They need to add a relationship status option on fb that says "having the baby of..."
We just made mixed drinks in the bathroom of burger king. This is sad.
i have to get rid of the hedgehog.
Does it come with a cage?
yes. and food and toys.
i'll trade you an 8th for it
deal.
Just saw a woman in a hospital gown with a Steelers jersey on top smoking a cigarette while hooked up to an IV outside of the hospital. I love Pittsburgh.
It took all the strength I had tto sit at my desk and not tear off my business attire and run screaming from adulthood and flourescent lights.
From the same High Brittany who brought you such thoughts as, "Fuck, am I wearing shoes?" Comes High Brittany on a date!
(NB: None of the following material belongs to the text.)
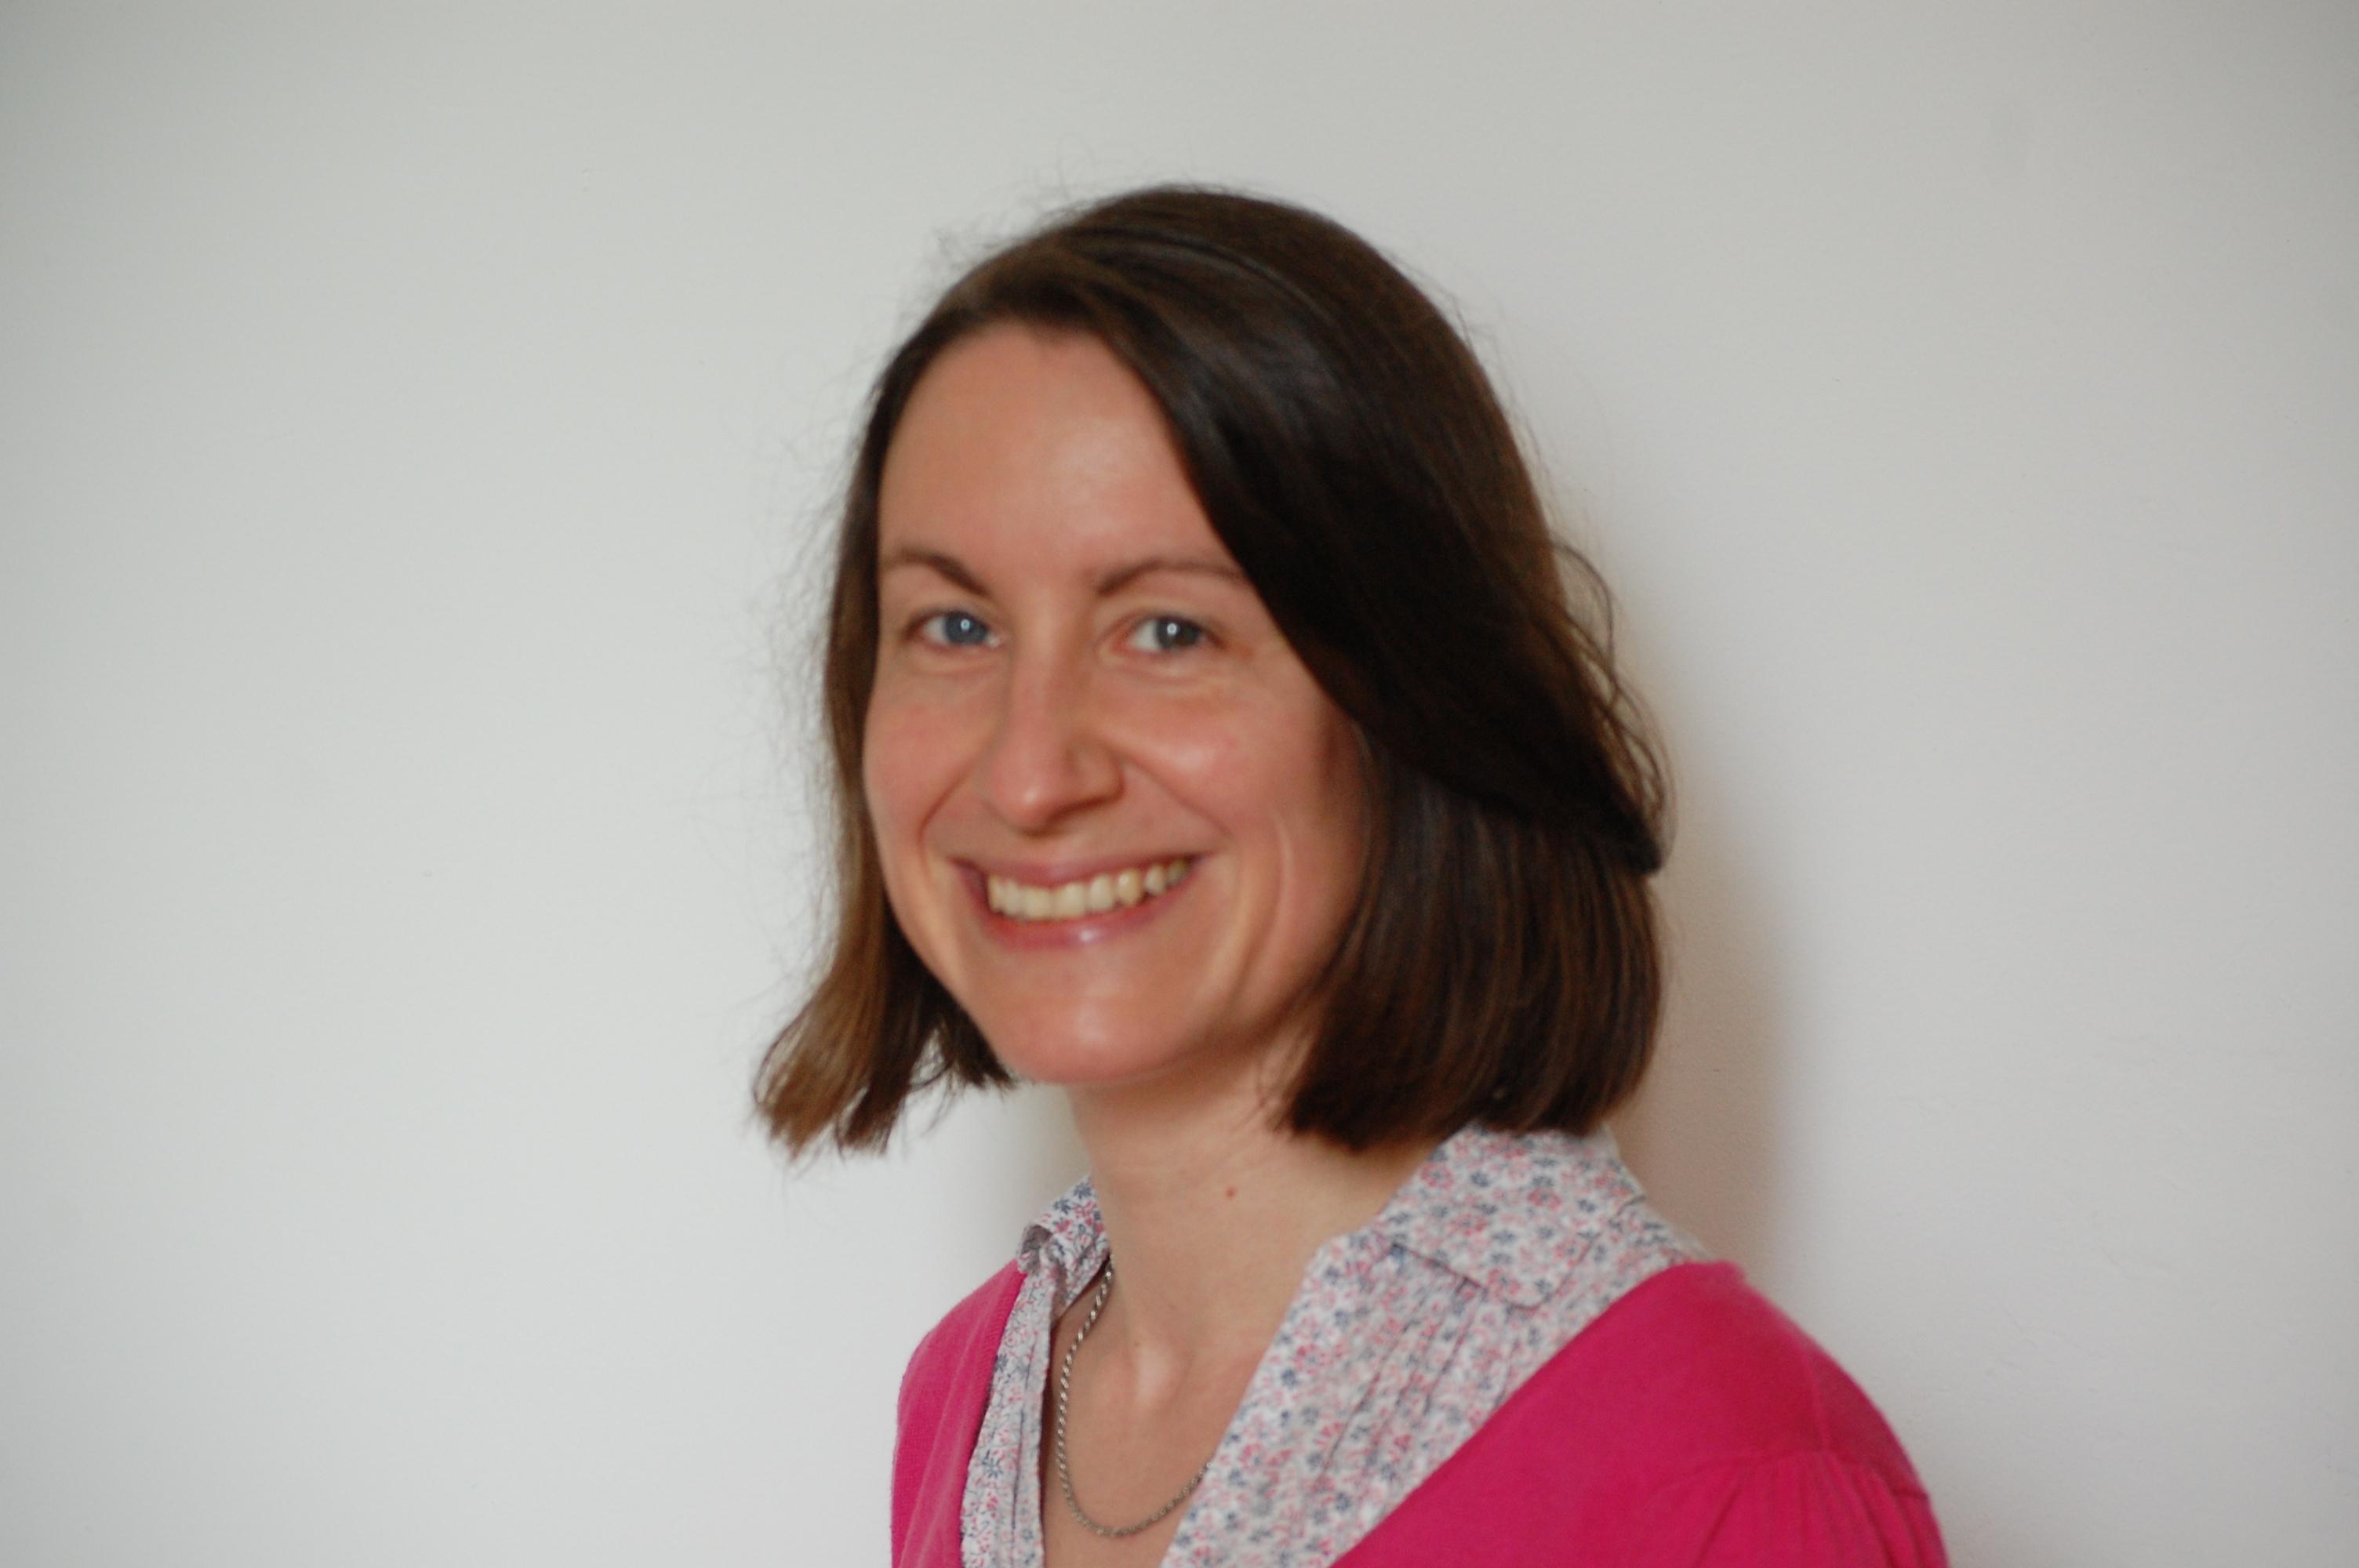 Emma Wagstaff

Stay tuned. This will be interesting.
I need to be more functional. That doesn't mean I'm going to drink less, I just need to wake up and shit
I think it's a scientific achievement that I can make jelly that is 95% vodka so suck it up.
she pointed to my dick and said you are going to save the world
We had sex and he ended up in the hospital... don't know if I should be worried or proud.
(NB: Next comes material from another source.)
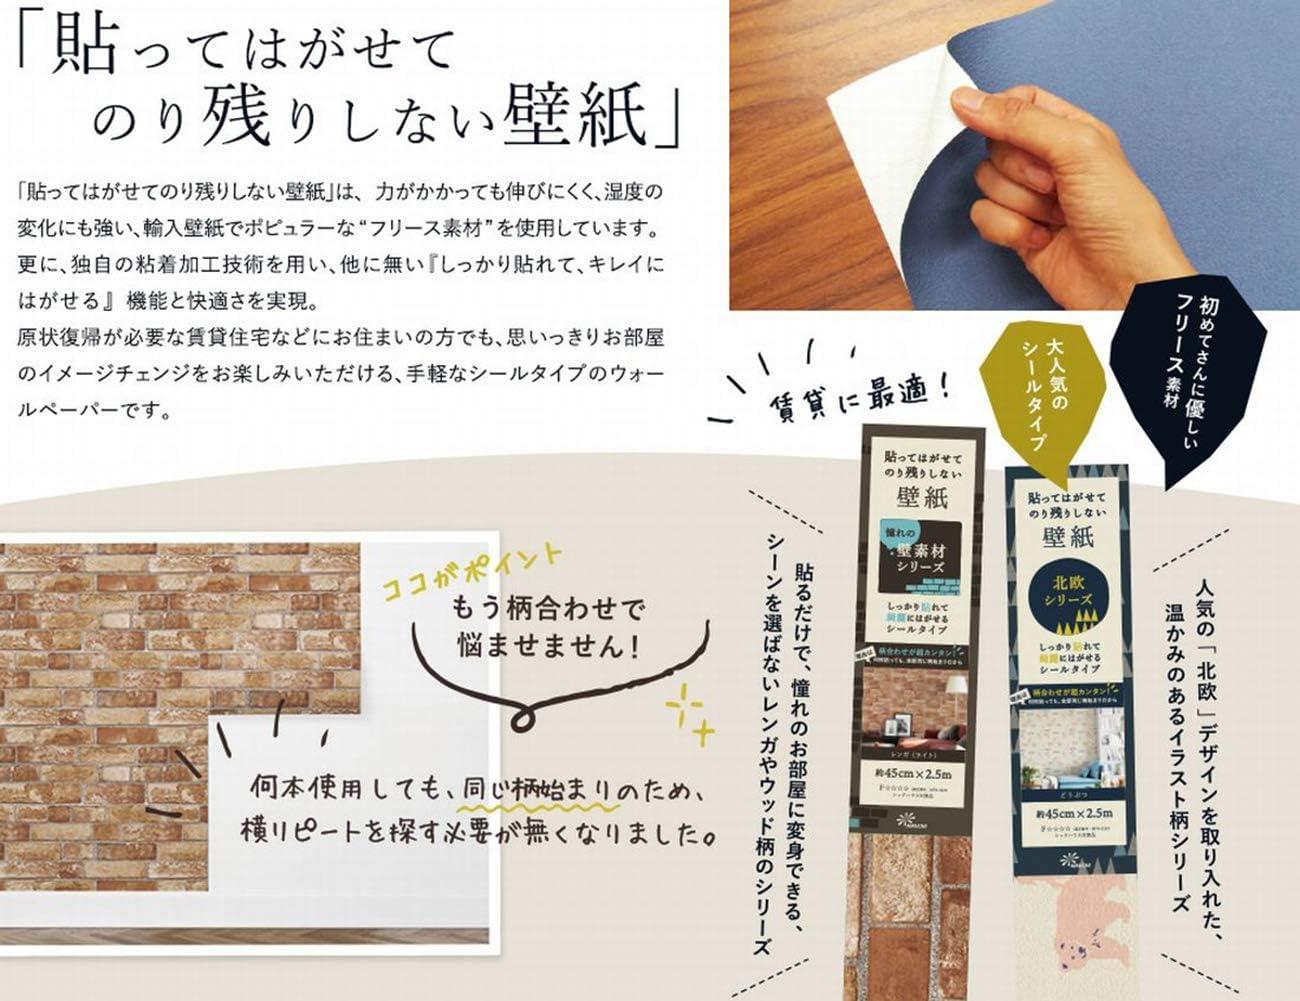 菊池襖紙工業の壁紙の特徴 画像

I just did a shot of Jameson and two shots of cuervo. Note: this is the moment things went down hill
i knew my hormones were back to normal when i went to ikea and didn't want to fuck any of the workers
Are ropes allowed in during conjugals?
so third time im replacing the batteries on my vibrator in 2 months #sosingle....on another note though, black beauty is raring to go
Once upon a time I threw up in my own hands last night.